**RECORDS FOR THIS TASK**
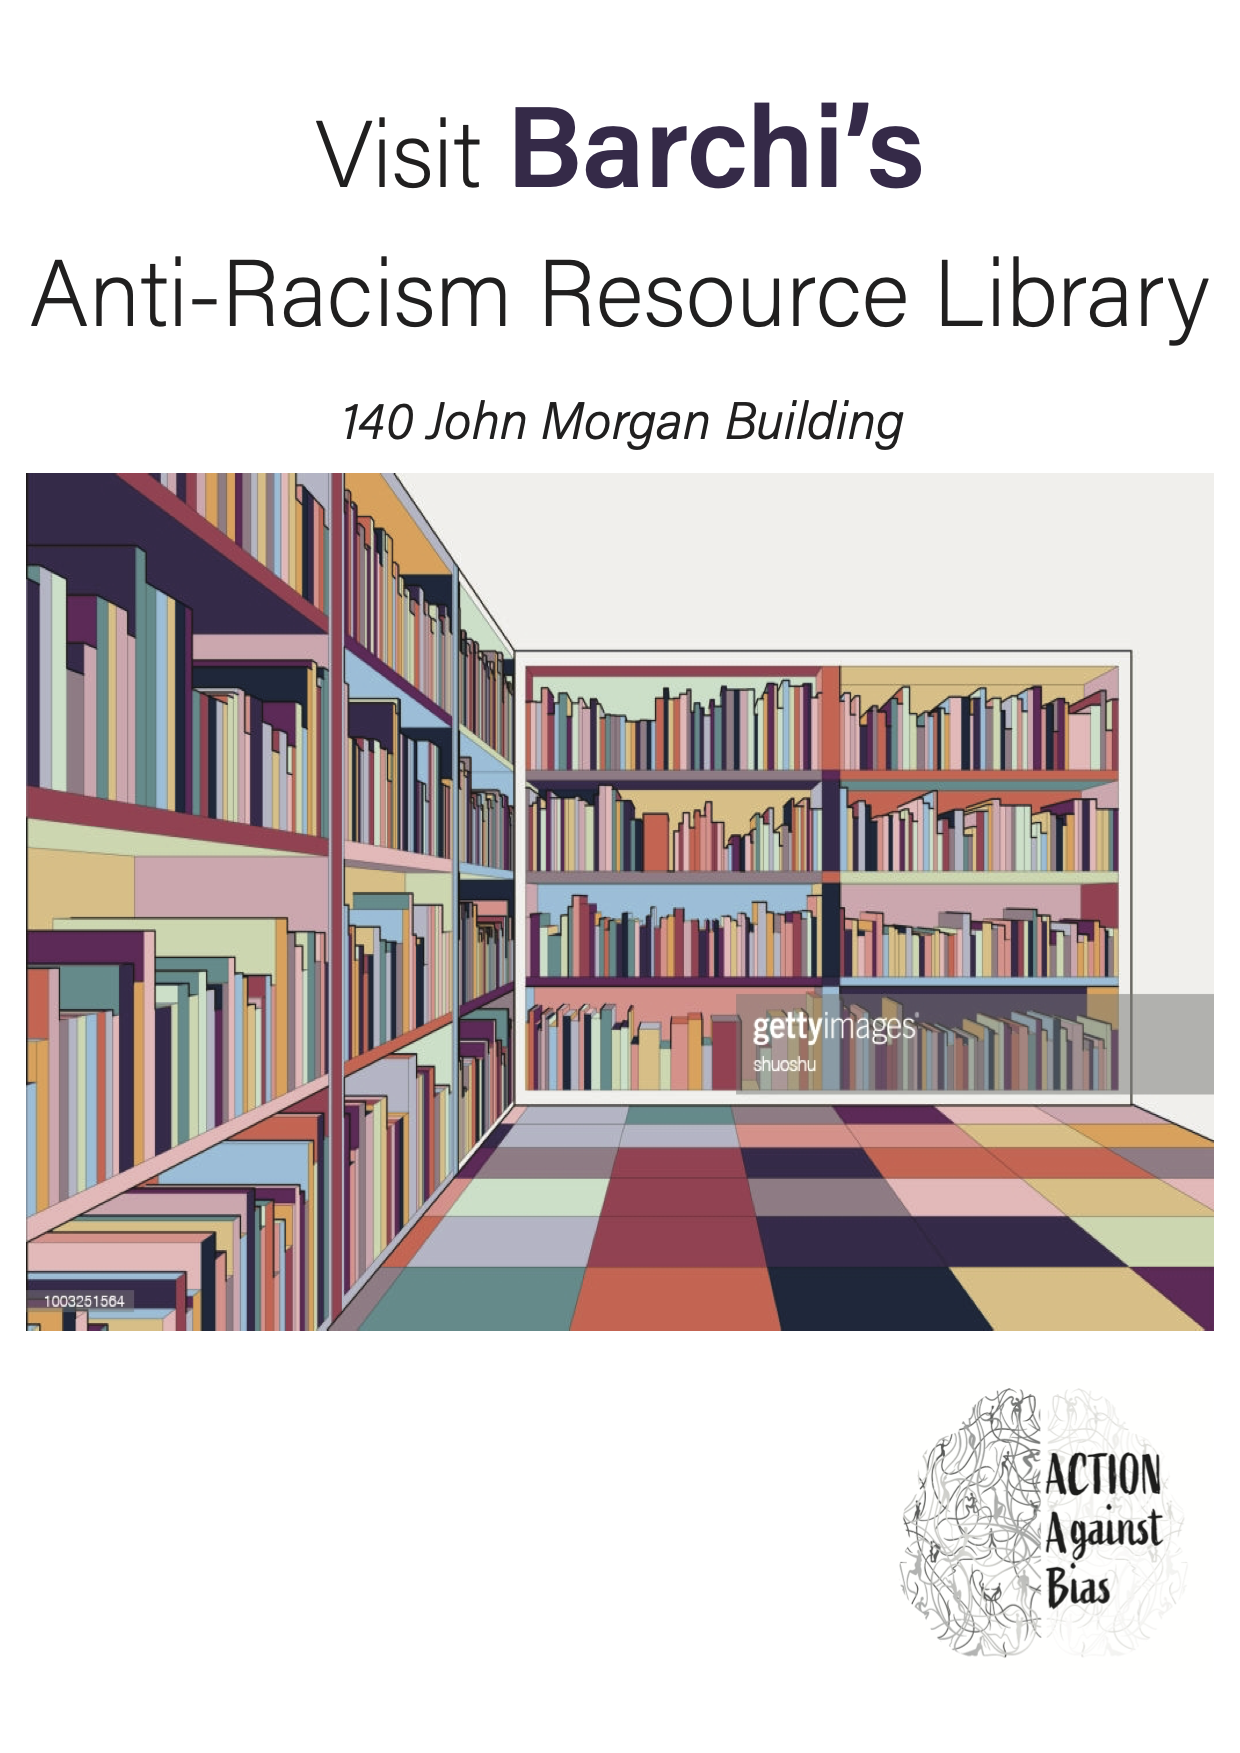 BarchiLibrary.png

...

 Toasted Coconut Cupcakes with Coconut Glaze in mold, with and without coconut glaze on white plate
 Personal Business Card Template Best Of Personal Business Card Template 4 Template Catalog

--

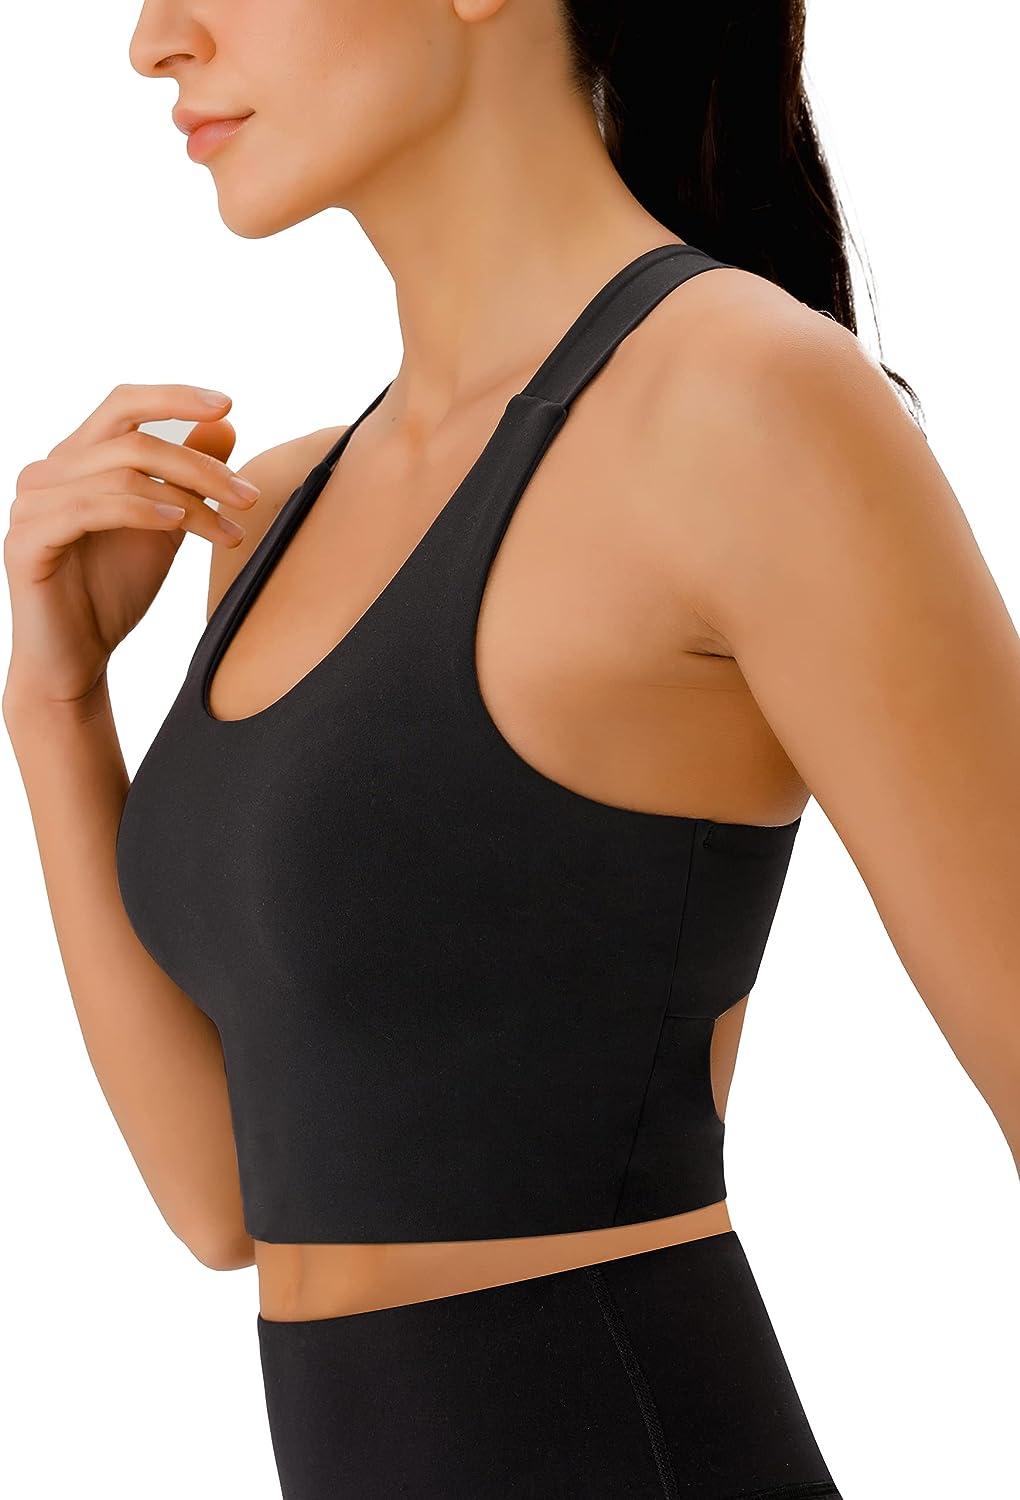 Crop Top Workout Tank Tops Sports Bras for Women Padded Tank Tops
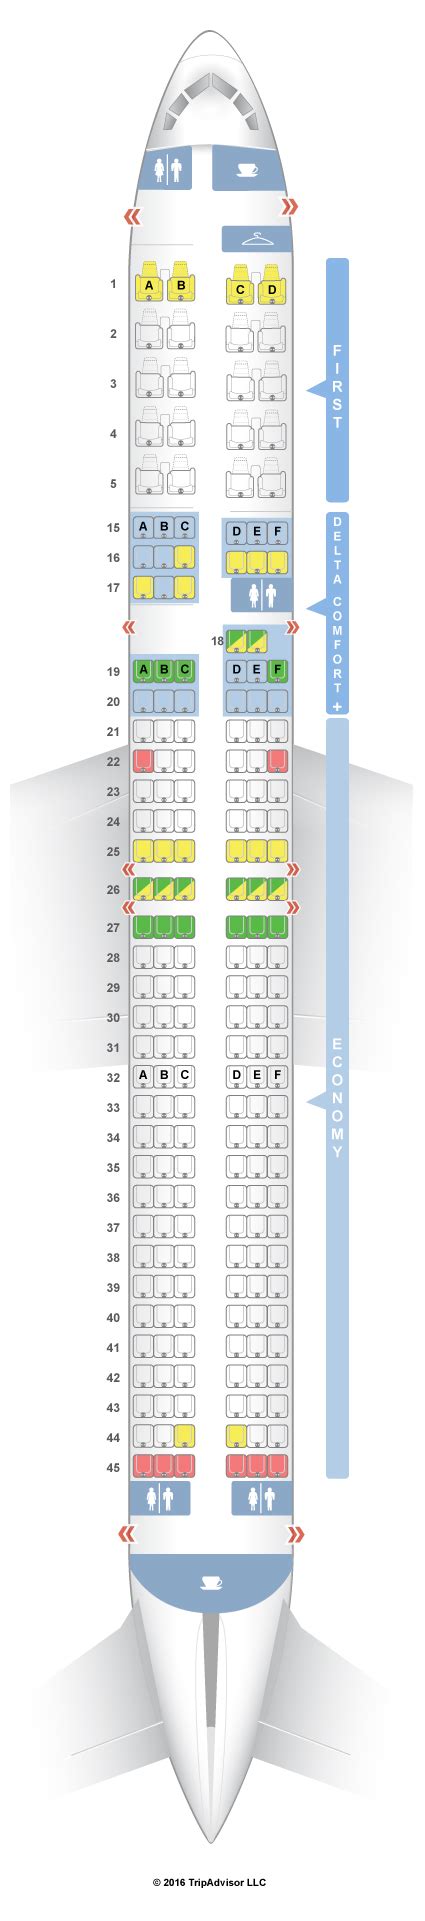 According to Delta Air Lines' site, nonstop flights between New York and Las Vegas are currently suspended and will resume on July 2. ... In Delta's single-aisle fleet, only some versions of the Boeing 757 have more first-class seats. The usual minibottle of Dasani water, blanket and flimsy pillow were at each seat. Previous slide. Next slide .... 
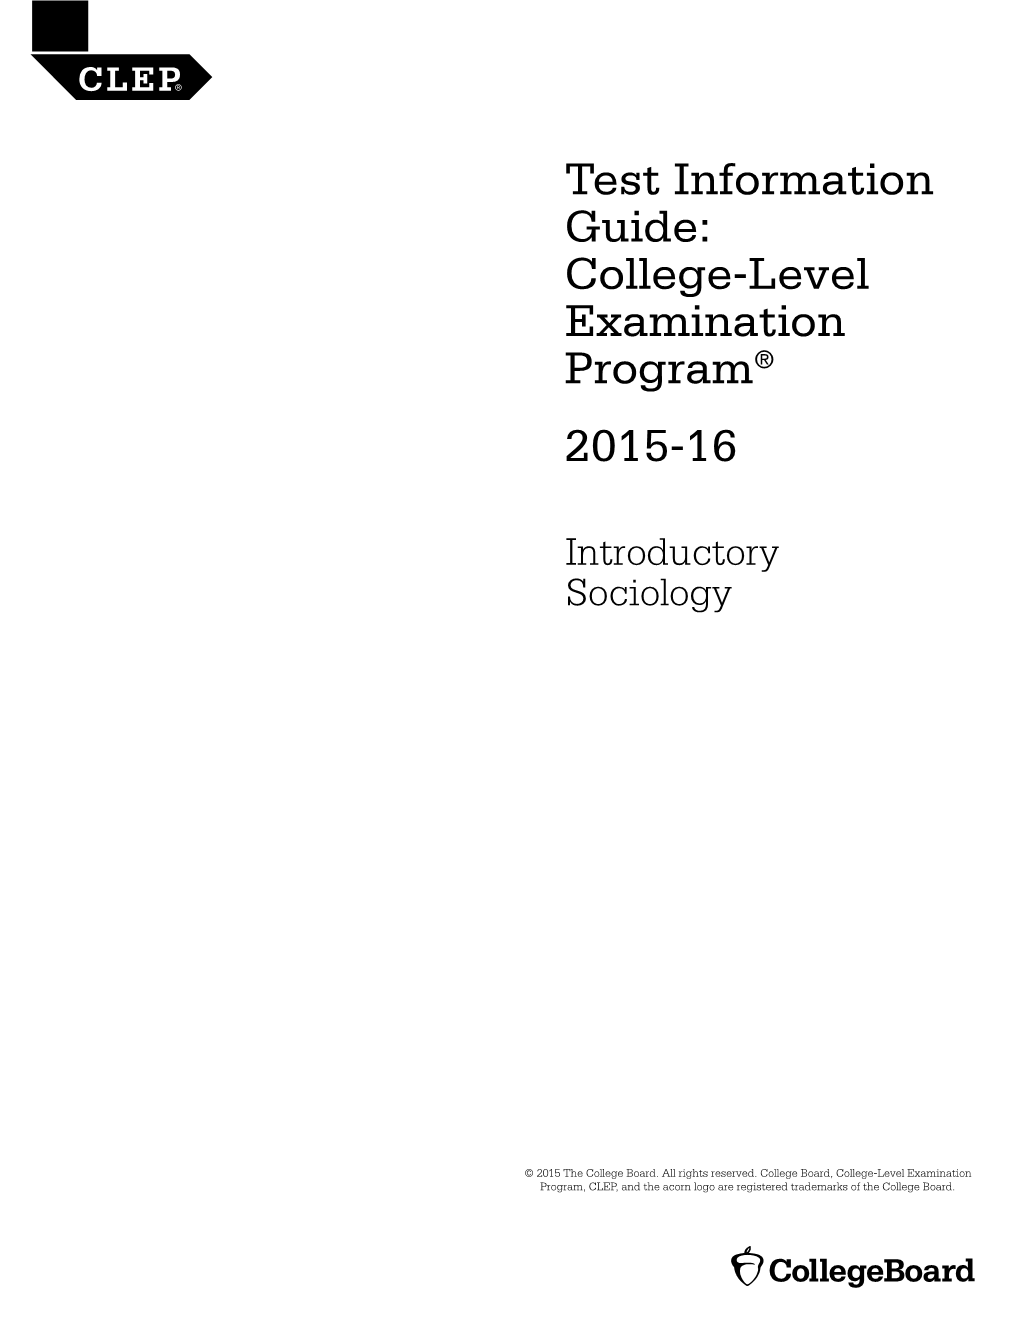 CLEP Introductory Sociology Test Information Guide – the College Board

**PROBLEM TO SOLVE**
Within the material above, transcribe exactly the lines that run from the line holding "Toasted Coconut Cupcakes" through the line holding "Personal Business Card Template Best".

**EXERCISE ANSWER**
 Toasted Coconut Cupcakes with Coconut Glaze in mold, with and without coconut glaze on white plate
 Personal Business Card Template Best Of Personal Business Card Template 4 Template Catalog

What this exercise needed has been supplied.